Having knowledge won’t be enough for you unless you know how you can convey it. Companies today are multicultural platforms with talents from different geographical regions. One of the toughest challenges they are facing is communication.
Data Scientists are responsible for coordinating with different teams and imparting the knowledge they should implement. Therefore, when you have outstanding communication skills, you will be able to do justice to all the roles and responsibilities. And now that many companies focus on larger geography, data scientists are able to communicate in multiple languages. Understanding the customers, listening to their issues, and communicating with them will help in creating a rapport and enhancing communication.

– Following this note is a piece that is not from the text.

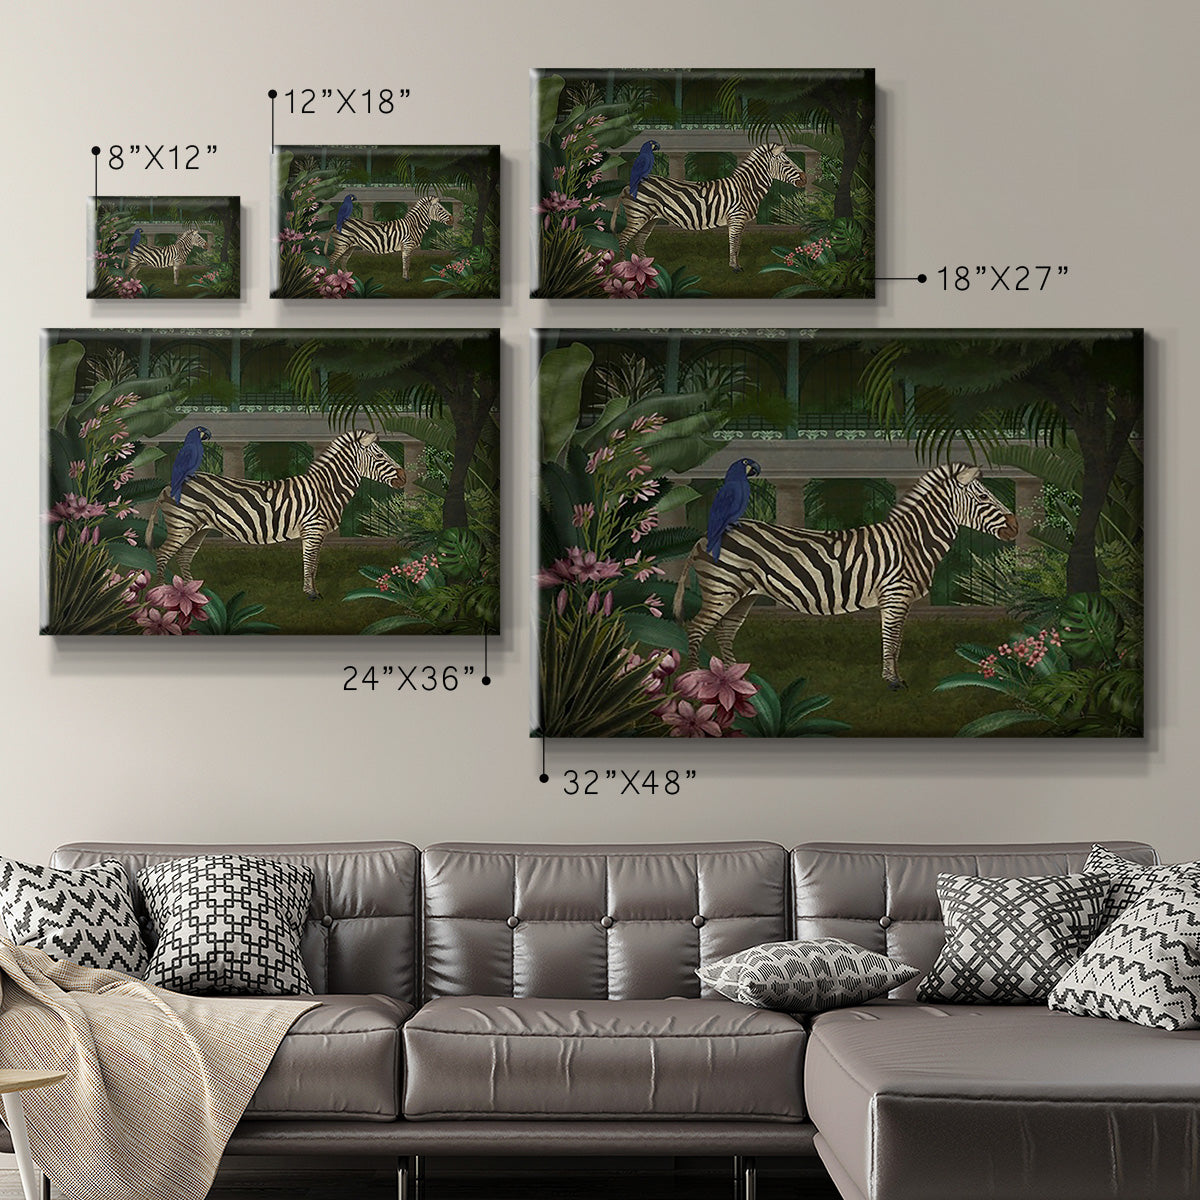 Zebra In Conservatory Premium Gallery Wrapped Canvas - Ready to Hang

Data Scientist is an important business decision-maker and a technically-sound profession in terms of database, programming, mathematics, statistics, and data visualization. According to a 2017 report by McKinsey, Automation will bring major shifts in the next 15 years. Even though Robotics or AI will replace or change some jobs, it will create others. Millions of people will have to upgrade their skills and switch their occupations. If you are a beginner and want to make it big in the technology world, you have to upskill. Advanced education methods can definitely get you there in no time. Data Science is a desirable profession. Getting a Data Science certification and hands-on experience will surely help you land a high-paying job.